THE PROBLEM: Copy the listing that follows, line for line, without a single difference.

** Opening DATA FOR THE TASK block **

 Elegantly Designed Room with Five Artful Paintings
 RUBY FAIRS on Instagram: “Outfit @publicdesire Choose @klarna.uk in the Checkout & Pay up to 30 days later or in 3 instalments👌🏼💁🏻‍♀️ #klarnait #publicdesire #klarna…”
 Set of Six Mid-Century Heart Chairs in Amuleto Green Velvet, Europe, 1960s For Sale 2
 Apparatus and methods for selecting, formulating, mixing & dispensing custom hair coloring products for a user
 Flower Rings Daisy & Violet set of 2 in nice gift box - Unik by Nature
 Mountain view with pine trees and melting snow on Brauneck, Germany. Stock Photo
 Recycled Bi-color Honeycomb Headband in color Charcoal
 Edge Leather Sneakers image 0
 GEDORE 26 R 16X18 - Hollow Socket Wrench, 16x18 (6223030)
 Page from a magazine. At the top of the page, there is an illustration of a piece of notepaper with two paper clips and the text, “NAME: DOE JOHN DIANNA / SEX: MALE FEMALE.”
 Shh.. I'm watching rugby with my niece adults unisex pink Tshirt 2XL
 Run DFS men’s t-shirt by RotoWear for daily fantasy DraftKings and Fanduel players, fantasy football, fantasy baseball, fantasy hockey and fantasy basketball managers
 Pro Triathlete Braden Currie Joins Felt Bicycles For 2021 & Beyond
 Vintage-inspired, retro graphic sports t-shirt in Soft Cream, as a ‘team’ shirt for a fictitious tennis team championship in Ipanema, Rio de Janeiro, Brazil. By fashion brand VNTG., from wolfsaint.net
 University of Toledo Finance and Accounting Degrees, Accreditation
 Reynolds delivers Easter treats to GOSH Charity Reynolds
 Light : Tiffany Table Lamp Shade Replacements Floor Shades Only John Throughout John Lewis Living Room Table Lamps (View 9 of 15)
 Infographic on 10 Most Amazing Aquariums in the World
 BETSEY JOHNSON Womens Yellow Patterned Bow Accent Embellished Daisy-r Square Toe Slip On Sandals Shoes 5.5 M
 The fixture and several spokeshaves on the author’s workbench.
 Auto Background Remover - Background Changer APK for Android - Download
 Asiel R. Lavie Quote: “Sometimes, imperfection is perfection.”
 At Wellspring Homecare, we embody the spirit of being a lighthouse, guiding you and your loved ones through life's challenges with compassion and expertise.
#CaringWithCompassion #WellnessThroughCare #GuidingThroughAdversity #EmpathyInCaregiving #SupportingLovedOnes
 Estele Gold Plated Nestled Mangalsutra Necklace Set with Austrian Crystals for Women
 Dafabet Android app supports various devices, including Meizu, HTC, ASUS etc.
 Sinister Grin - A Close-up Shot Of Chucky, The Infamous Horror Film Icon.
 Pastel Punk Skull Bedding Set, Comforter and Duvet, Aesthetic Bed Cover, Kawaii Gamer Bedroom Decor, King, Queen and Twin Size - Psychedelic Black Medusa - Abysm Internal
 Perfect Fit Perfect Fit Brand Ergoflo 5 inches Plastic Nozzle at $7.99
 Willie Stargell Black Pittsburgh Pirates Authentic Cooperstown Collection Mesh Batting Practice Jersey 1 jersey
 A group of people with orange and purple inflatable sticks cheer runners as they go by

** Closing DATA FOR THE TASK block **

SOLUTION BELOW:
 Elegantly Designed Room with Five Artful Paintings
 RUBY FAIRS on Instagram: “Outfit @publicdesire Choose @klarna.uk in the Checkout & Pay up to 30 days later or in 3 instalments👌🏼💁🏻‍♀️ #klarnait #publicdesire #klarna…”
 Set of Six Mid-Century Heart Chairs in Amuleto Green Velvet, Europe, 1960s For Sale 2
 Apparatus and methods for selecting, formulating, mixing & dispensing custom hair coloring products for a user
 Flower Rings Daisy & Violet set of 2 in nice gift box - Unik by Nature
 Mountain view with pine trees and melting snow on Brauneck, Germany. Stock Photo
 Recycled Bi-color Honeycomb Headband in color Charcoal
 Edge Leather Sneakers image 0
 GEDORE 26 R 16X18 - Hollow Socket Wrench, 16x18 (6223030)
 Page from a magazine. At the top of the page, there is an illustration of a piece of notepaper with two paper clips and the text, “NAME: DOE JOHN DIANNA / SEX: MALE FEMALE.”
 Shh.. I'm watching rugby with my niece adults unisex pink Tshirt 2XL
 Run DFS men’s t-shirt by RotoWear for daily fantasy DraftKings and Fanduel players, fantasy football, fantasy baseball, fantasy hockey and fantasy basketball managers
 Pro Triathlete Braden Currie Joins Felt Bicycles For 2021 & Beyond
 Vintage-inspired, retro graphic sports t-shirt in Soft Cream, as a ‘team’ shirt for a fictitious tennis team championship in Ipanema, Rio de Janeiro, Brazil. By fashion brand VNTG., from wolfsaint.net
 University of Toledo Finance and Accounting Degrees, Accreditation
 Reynolds delivers Easter treats to GOSH Charity Reynolds
 Light : Tiffany Table Lamp Shade Replacements Floor Shades Only John Throughout John Lewis Living Room Table Lamps (View 9 of 15)
 Infographic on 10 Most Amazing Aquariums in the World
 BETSEY JOHNSON Womens Yellow Patterned Bow Accent Embellished Daisy-r Square Toe Slip On Sandals Shoes 5.5 M
 The fixture and several spokeshaves on the author’s workbench.
 Auto Background Remover - Background Changer APK for Android - Download
 Asiel R. Lavie Quote: “Sometimes, imperfection is perfection.”
 At Wellspring Homecare, we embody the spirit of being a lighthouse, guiding you and your loved ones through life's challenges with compassion and expertise.
#CaringWithCompassion #WellnessThroughCare #GuidingThroughAdversity #EmpathyInCaregiving #SupportingLovedOnes
 Estele Gold Plated Nestled Mangalsutra Necklace Set with Austrian Crystals for Women
 Dafabet Android app supports various devices, including Meizu, HTC, ASUS etc.
 Sinister Grin - A Close-up Shot Of Chucky, The Infamous Horror Film Icon.
 Pastel Punk Skull Bedding Set, Comforter and Duvet, Aesthetic Bed Cover, Kawaii Gamer Bedroom Decor, King, Queen and Twin Size - Psychedelic Black Medusa - Abysm Internal
 Perfect Fit Perfect Fit Brand Ergoflo 5 inches Plastic Nozzle at $7.99
 Willie Stargell Black Pittsburgh Pirates Authentic Cooperstown Collection Mesh Batting Practice Jersey 1 jersey
 A group of people with orange and purple inflatable sticks cheer runners as they go by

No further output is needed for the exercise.